**WHAT YOU WILL DO**
The data must be reproduced verbatim; images are to be omitted.

== EXERCISE DATA

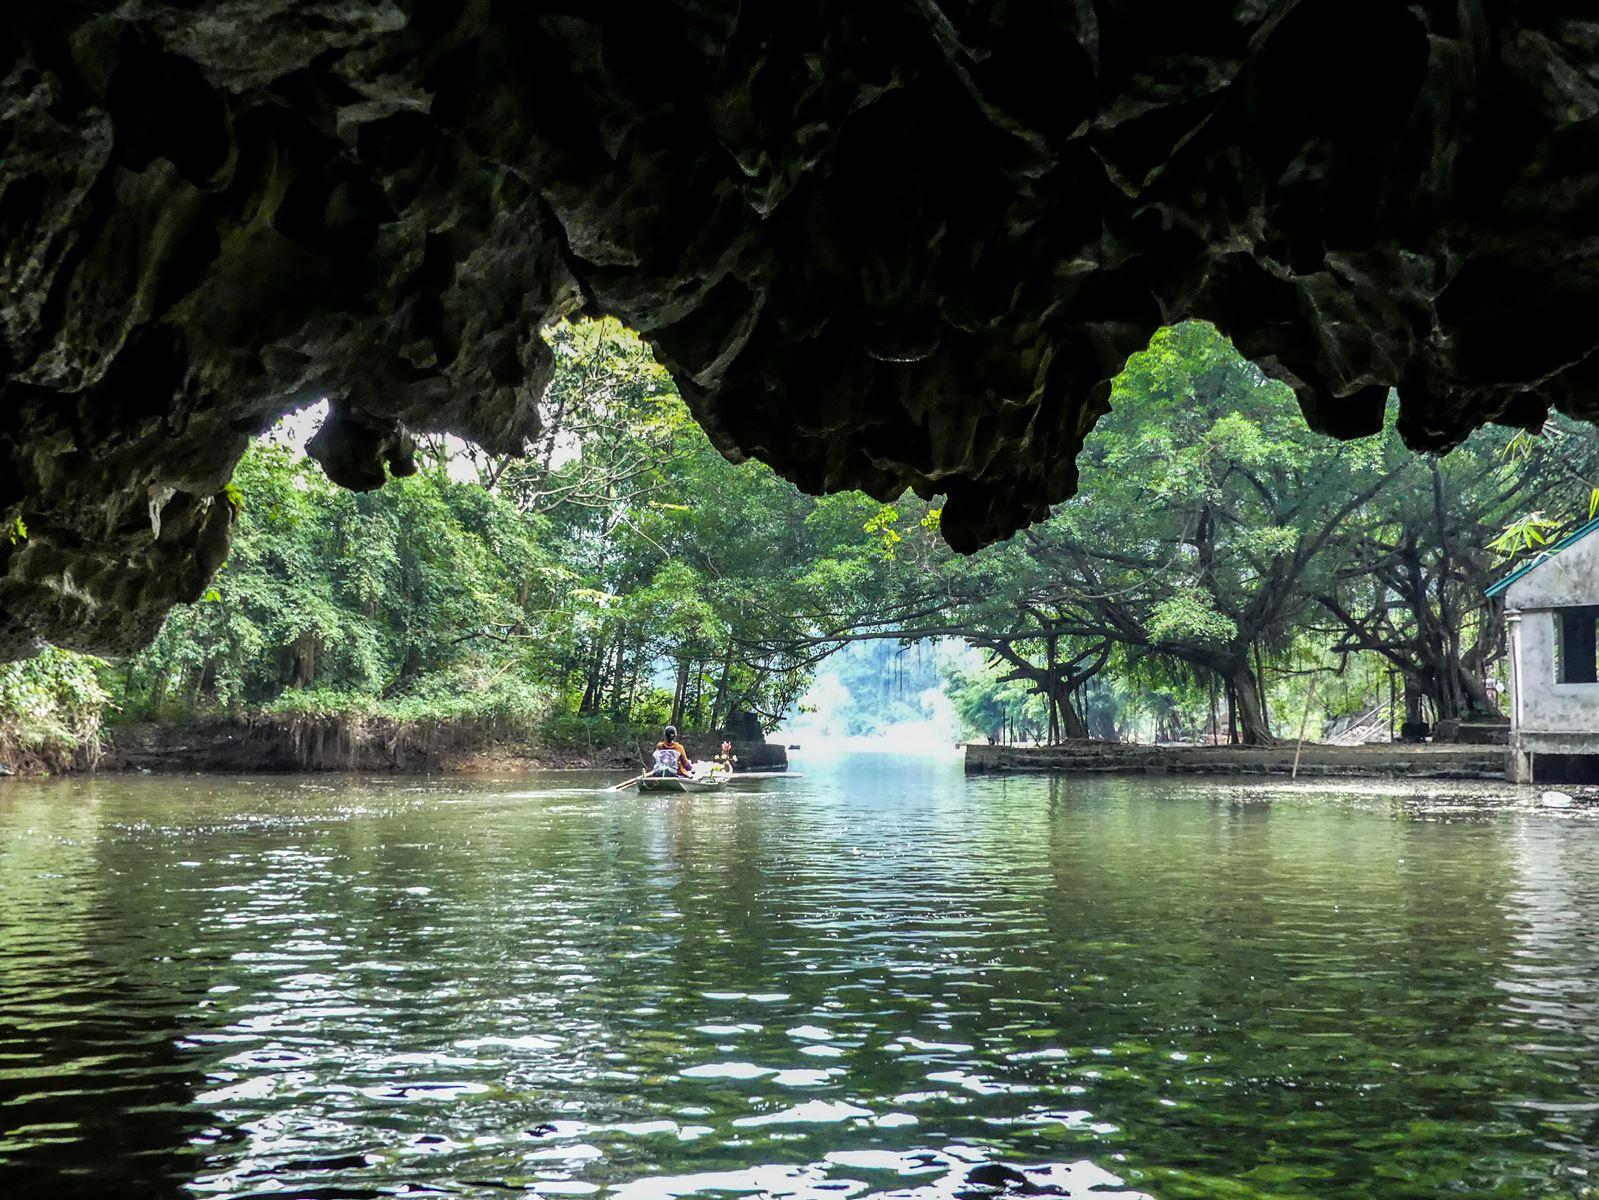 Balade en Barque province de Ninh Binh - Tam Coc - Baie d'Halong terrestre
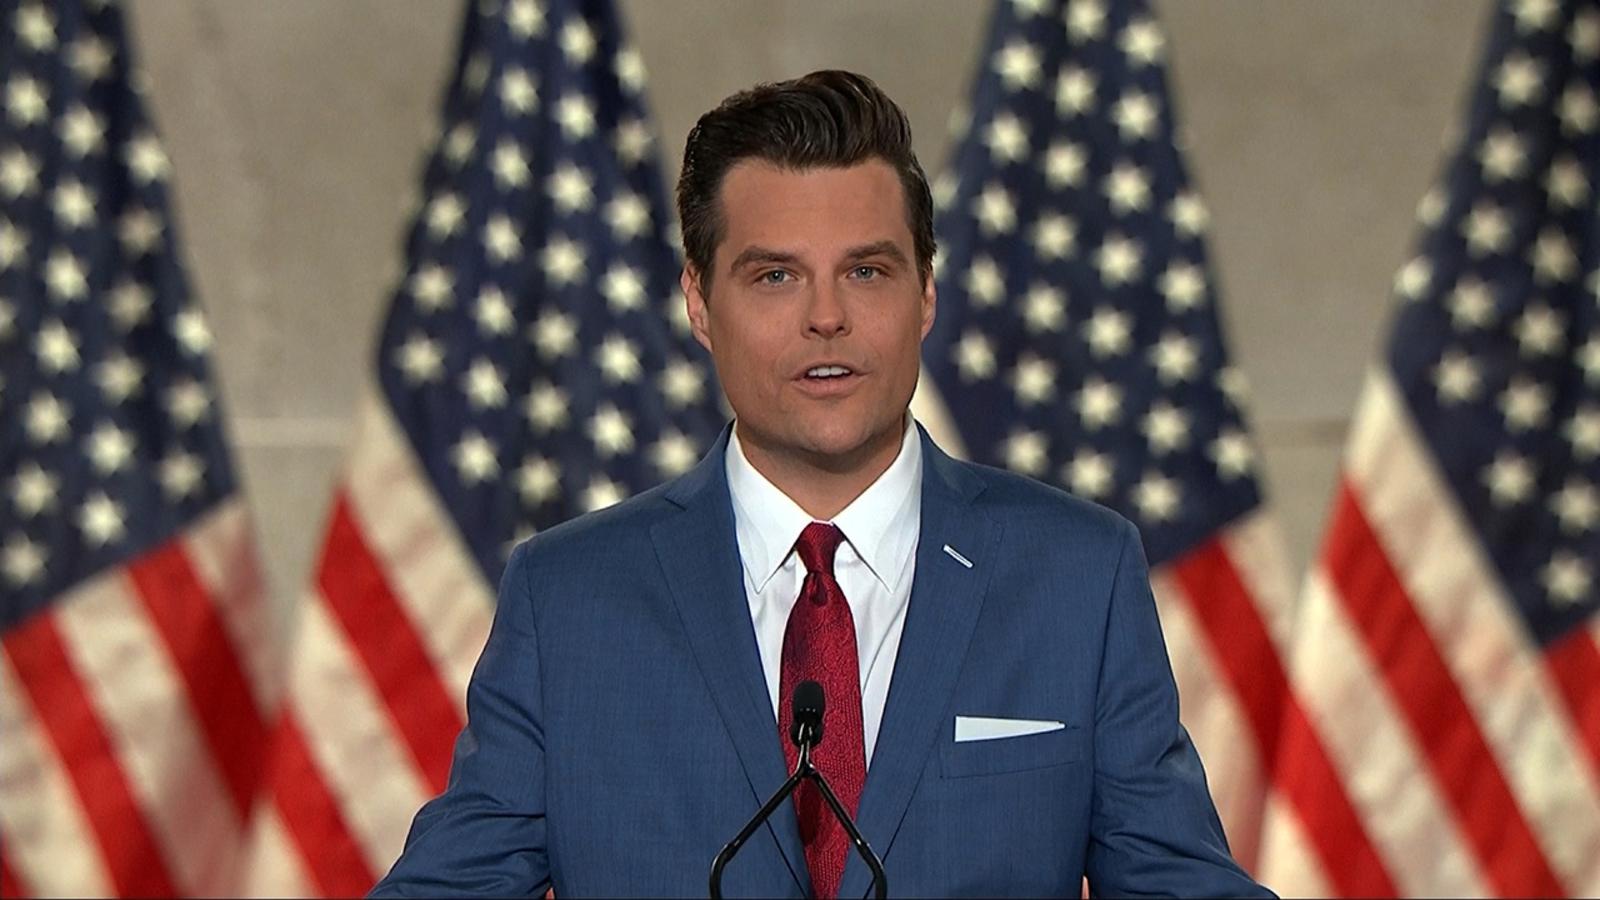 Few in GOP rush to defend Rep. Matt Gaetz amid sex trafficking probe - ABC7  Chicago
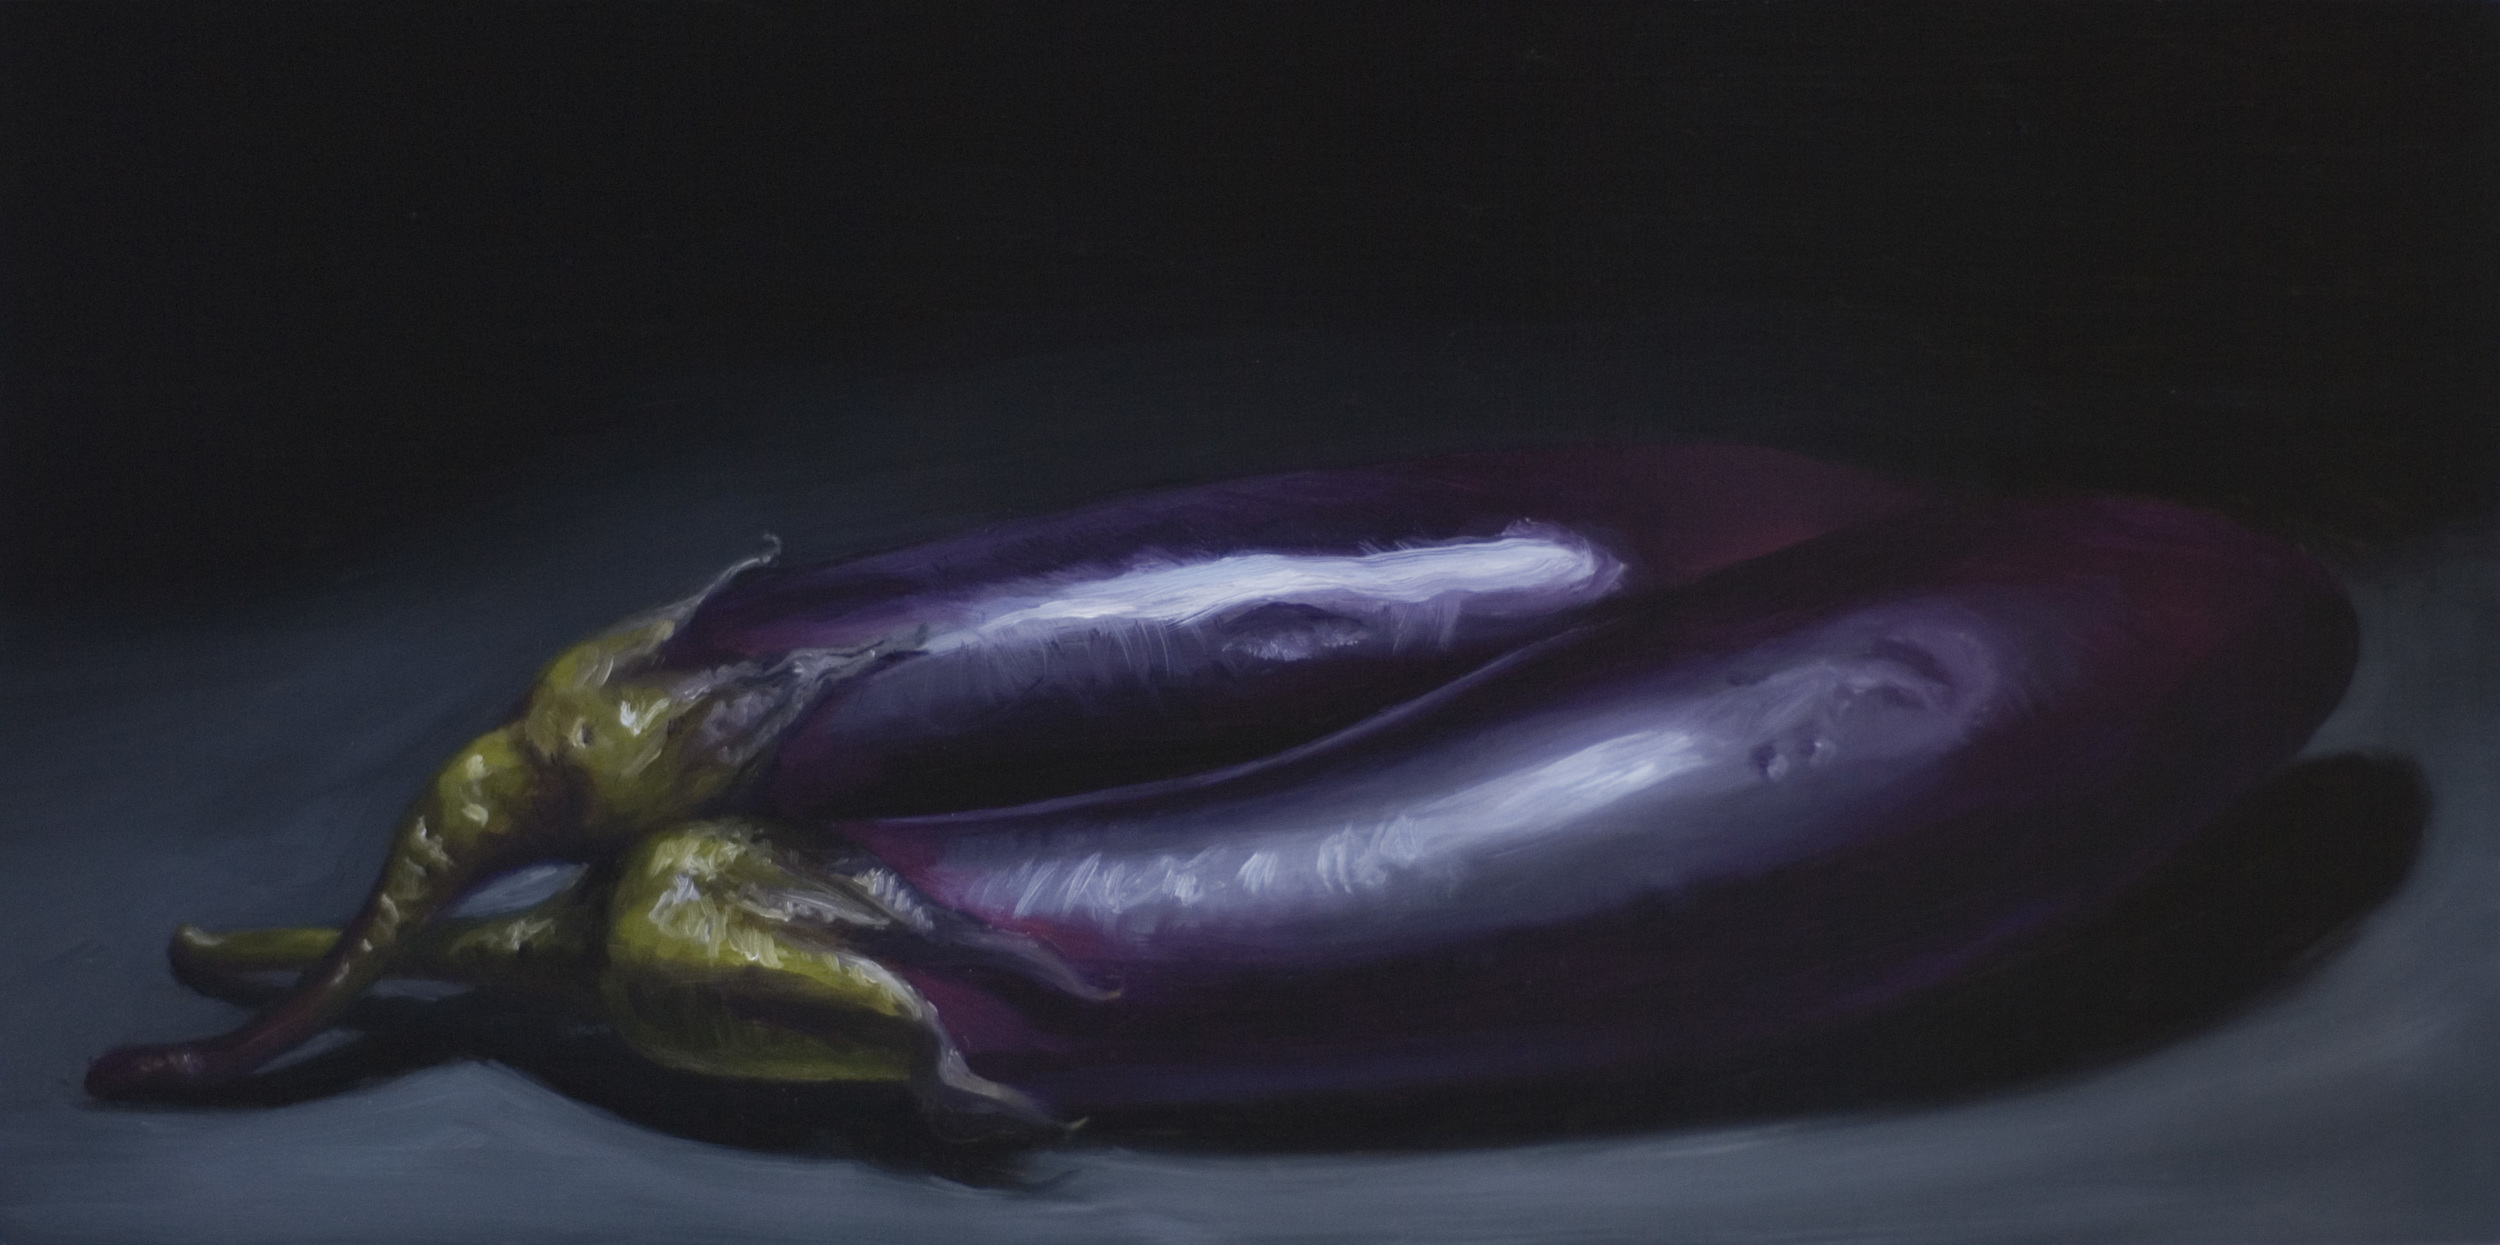 EggplantPainting

====

**SOLUTION FOR THIS EXERCISE**
 Balade en Barque province de Ninh Binh - Tam Coc - Baie d'Halong terrestre
 Few in GOP rush to defend Rep. Matt Gaetz amid sex trafficking probe - ABC7  Chicago
 EggplantPainting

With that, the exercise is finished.